In a press conference this afternoon, Prime Minister Liz Truss admitted that the mini-budget had destabilised the markets and that reassurance of ‘fiscal discipline’ was needed.
And she said: ‘Today, I have asked Jeremy Hunt to become the new Chancellor. He is one of the most experienced and widely-respected government ministers and parliamentarians, and he shares my convictions and ambitions for our country.
‘He will deliver the medium-term fiscal plan at the end of this month. He will see through the support we are providing to help families and businesses, including our energy price guarantee that is protecting people from higher energy bills this winter.
‘And he will drive our mission to go for growth, including taking forward the supply-side reforms that our country needs. We owe it to the next generation to improve our economic performance, to deliver higher wages, new jobs and better public services – and to ease the burden of debt.’
Responding to Mr Hunt’s appointment as Chancellor, BMA council chair Professor Philip Banfield said his ‘first priority’ must be to ‘rapidly remedy the pension taxation trap’, alongside putting forward ‘a credible plan for long-term investment in the NHS’.
He said: ‘Jeremy Hunt becomes Chancellor of the Exchequer at a perilous time for the NHS, with major questions being asked about the Treasury’s commitment to supporting the service.
‘As chair of the Health and Social Care Committee, he has very recently called for the Prime Minister to prioritise investment in the NHS and the workforce, recognising that persistent understaffing poses risks to patient safety.’

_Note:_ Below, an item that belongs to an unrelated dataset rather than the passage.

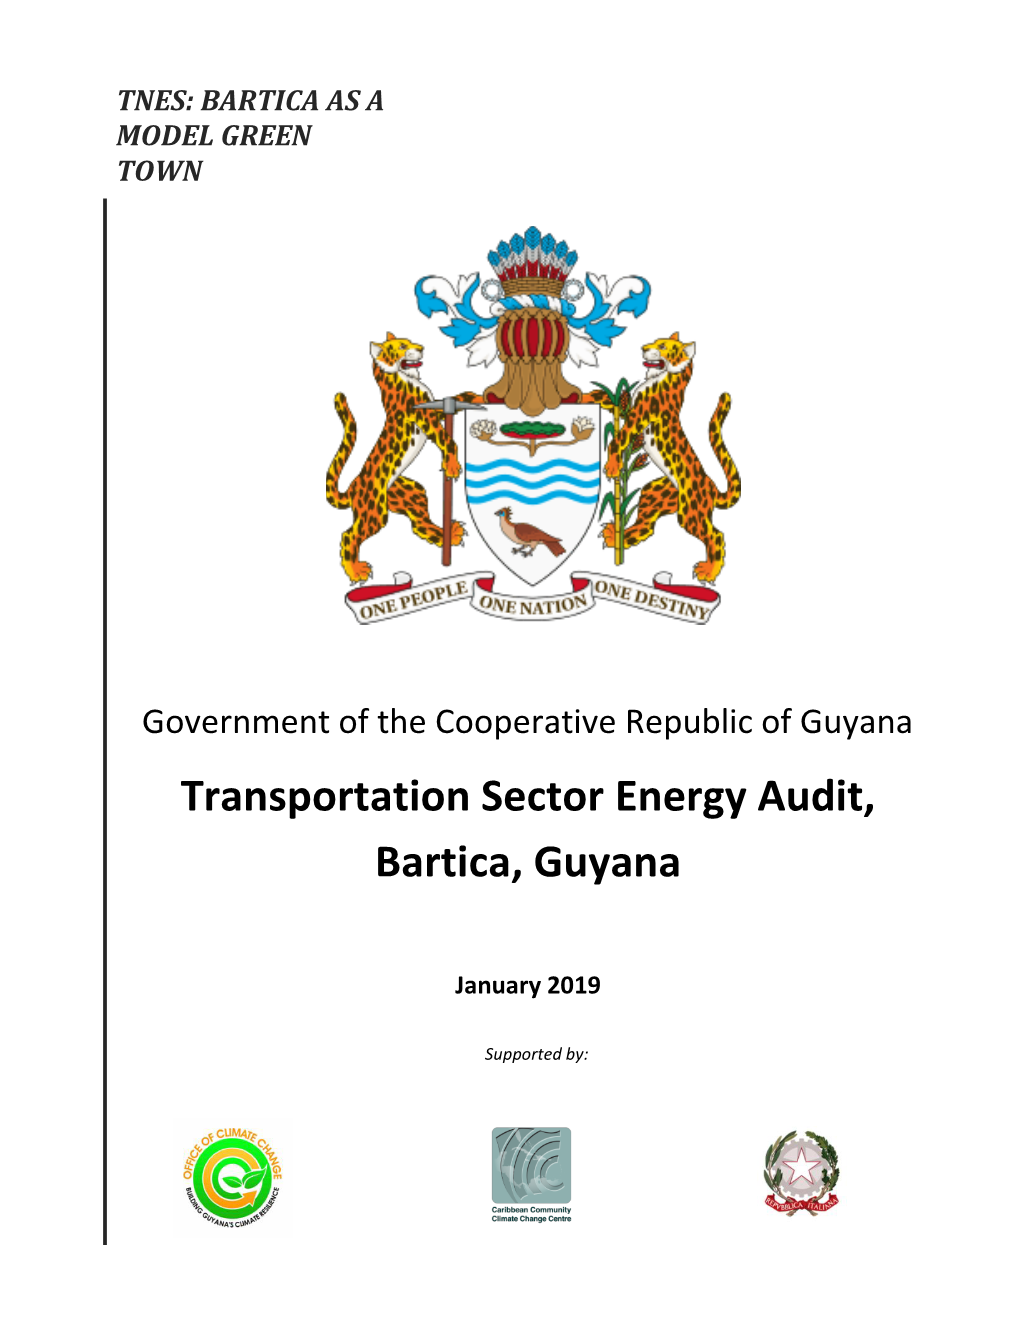 Transportation Sector Energy Audit, Bartica, Guyana

He added: ‘He is fully aware that we face what he called the “greatest workforce crisis in the history of the NHS” and that the Government must urgently address absurd pension taxation rules and consistent real-term reductions in pay which are driving staff out of the NHS.
‘We urge him to get round the table with us, reform what he said was the “national scandal of staff being forced to leave the NHS because of pension arrangements” and fix doctors’ pay.’
How Jeremy Hunt has proposed to solve the NHS workforce crisis
- ‘A mass overseas recruitment drive for doctors & nurses as a temporary, short-term lever – allowing [doctors] from countries with good medical education systems like Canada and Germany to be green listed so they don’t have to resit pointless additional exams’;
- ‘Grant an immediate exemption for doctors to public sector pension rules which are currently forcing them to retire in their fifties in alarming numbers.’
- ‘Make flexible working automatic across the NHS so we don’t drive staff with young families to become locums or agency nurses, which is often the only way they can juggle work and home life.’
- ‘Ditch the Stalinist centralism that has given the NHS more targets than any healthcare system in the world: replace national targets with easily accessible data that allows everyone to compare performance (CQC Ofsted style ratings work well).’
- ‘Move back to the system where everyone has their own GP rather than just being attached to a surgery. A study showed a 25% cut in mortality & 30% drop in hospital visits for people who saw the same GP (keeping our promise to recruit 6000 more GPs will help achieve this).’
- ‘Hospitals are full of people who can’t be discharged due to social care issues, mainly staff shortages. Local authorities need help now to boost pay rates for care workers, as they’re currently losing them in droves to the retail and hospitality sectors.’